At a December 12 meeting before the House Financial Services Committee, AFL-CIO Secretary-Treasurer Richard Trumka said Enron "is a story of people so shameless and greedy that literally as the bankruptcy papers were being drawn up, they were still passing what remained of the firm’s cash out to themselves—$55 million on the last working day before they filed for Chapter 11."

Enron’s contributions to workers’ 401(k) accounts were in company stock, and the energy giant encouraged workers to put their own 401(k) contributions into Enron stock, according to Vigil, IBEW Local 125 member Donald Eri and other Enron workers who testified at the Senate hearing.

Worth more than $80 a share one year ago, Enron stock is worth less than $1 a share today. While company executives were cashing out as the stock began to decline, workers had few options to protect their investments.

"The plan prohibits any employee under age 50 from trading the company’s contributions. In other words, the company puts in its own stock, and until we reach age 50, we hold that stock….Until very recently, even after age 50, we could only trade 25 percent of the company’s contributions per year," Vigil said.  

In October, as Enron stock was plunging with the news of the company’s suspicious dealings, the company locked workers out of their 401(k)s, preventing them from recasting their portfolios. Enron claimed the lock-down was planned long before the stock dive as part of a change in plan administrators and also claimed it was in effect only from Oct. 29 to Nov. 12.

"It seems strange to me that as soon as the really bad news came out on Enron, we found ourselves unable to move out of the stock.

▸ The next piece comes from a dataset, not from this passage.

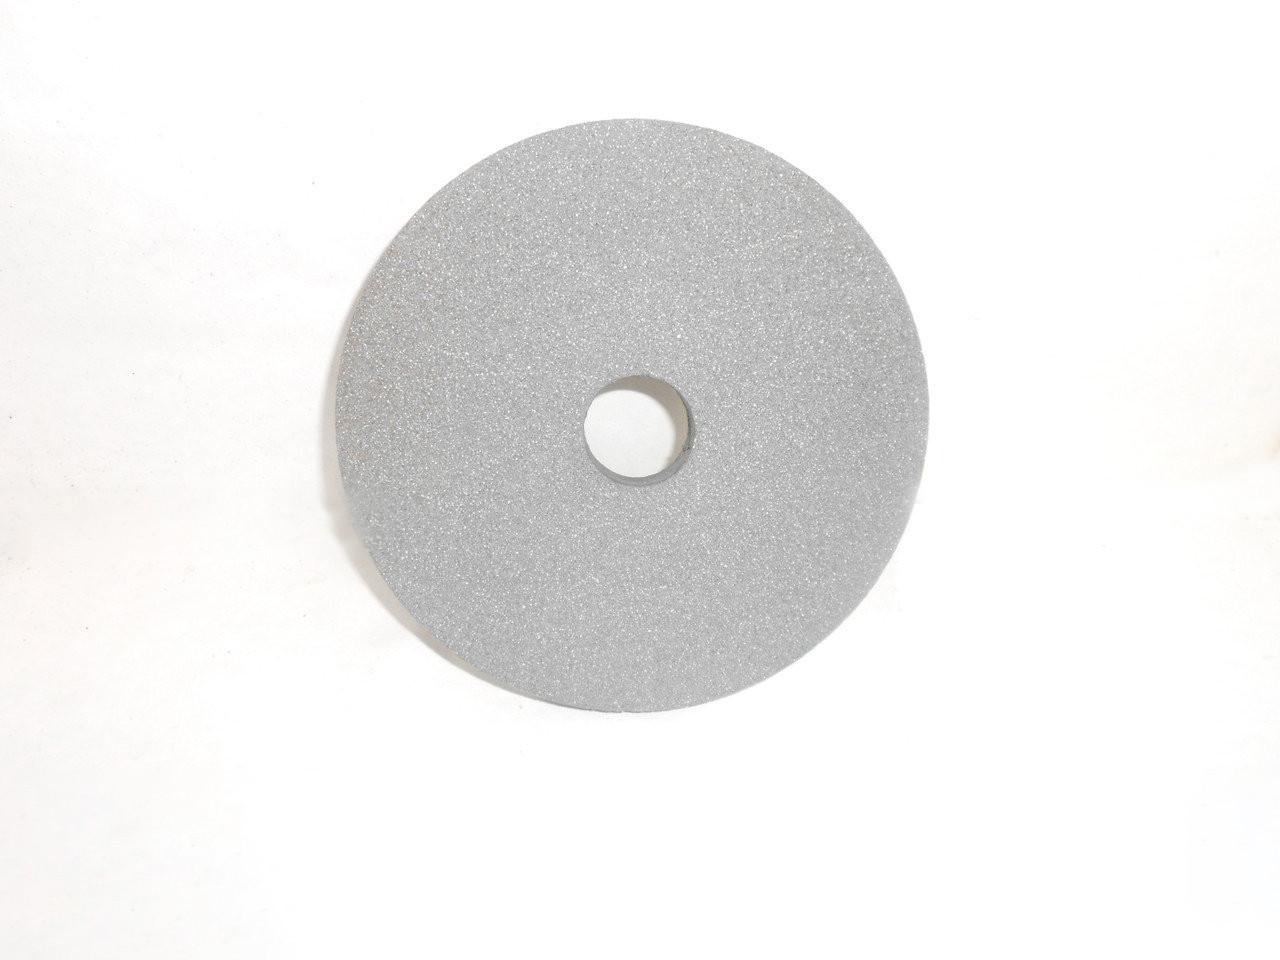 Круг шлифовальный 14А ПП 100х16х20  16-40 СМ-СТ
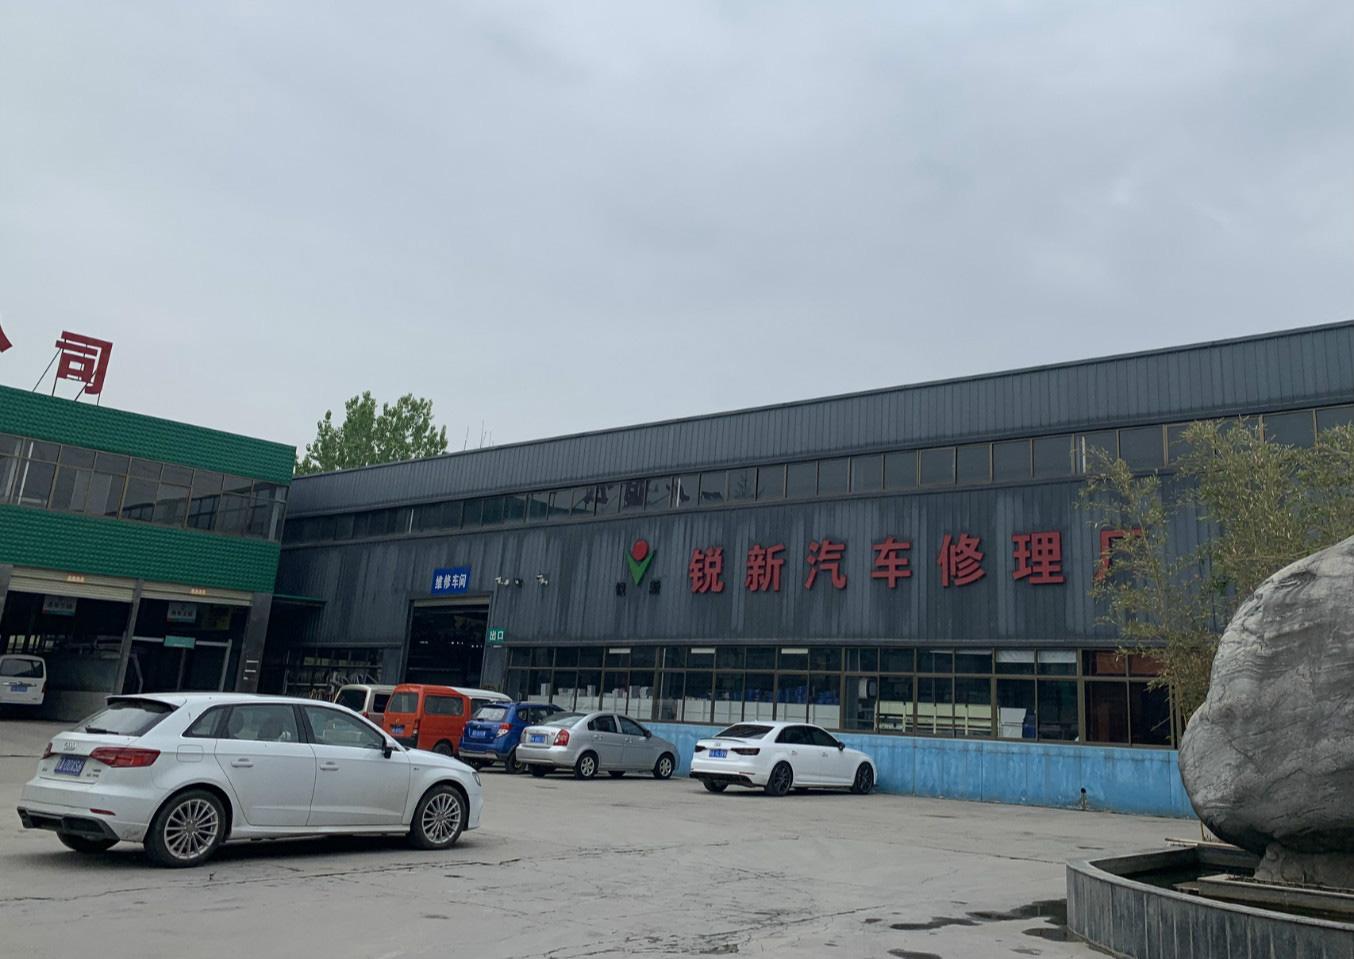 【招聘】西安锐新汽车服务有限公司

I have seen that Enron says we were only locked out of our accounts for 10 trading days….But as early as Sept. 26, my co-workers were finding that they could get access to their accounts, but they could not conduct any transactions. As the truth about Enron started to come to light—and as the officers at the top cashed out—we, the employees, had no choice but to ride the stock into the ground," Vigil said.  

Also appearing before the panel, Damon Silvers, AFL-CIO associate general counsel, testified on several securities, stock trading and investment reforms and other measures that could help protect workers from future Enron-like catastrophes, including stronger rules covering stock, securities and investment practices by 401(k) and pension trustees; requiring greater independence of auditors and analysts who are charged with monitoring a fund’s practices and performance; and establishing clear conflict of interest guidelines for auditors and analysts.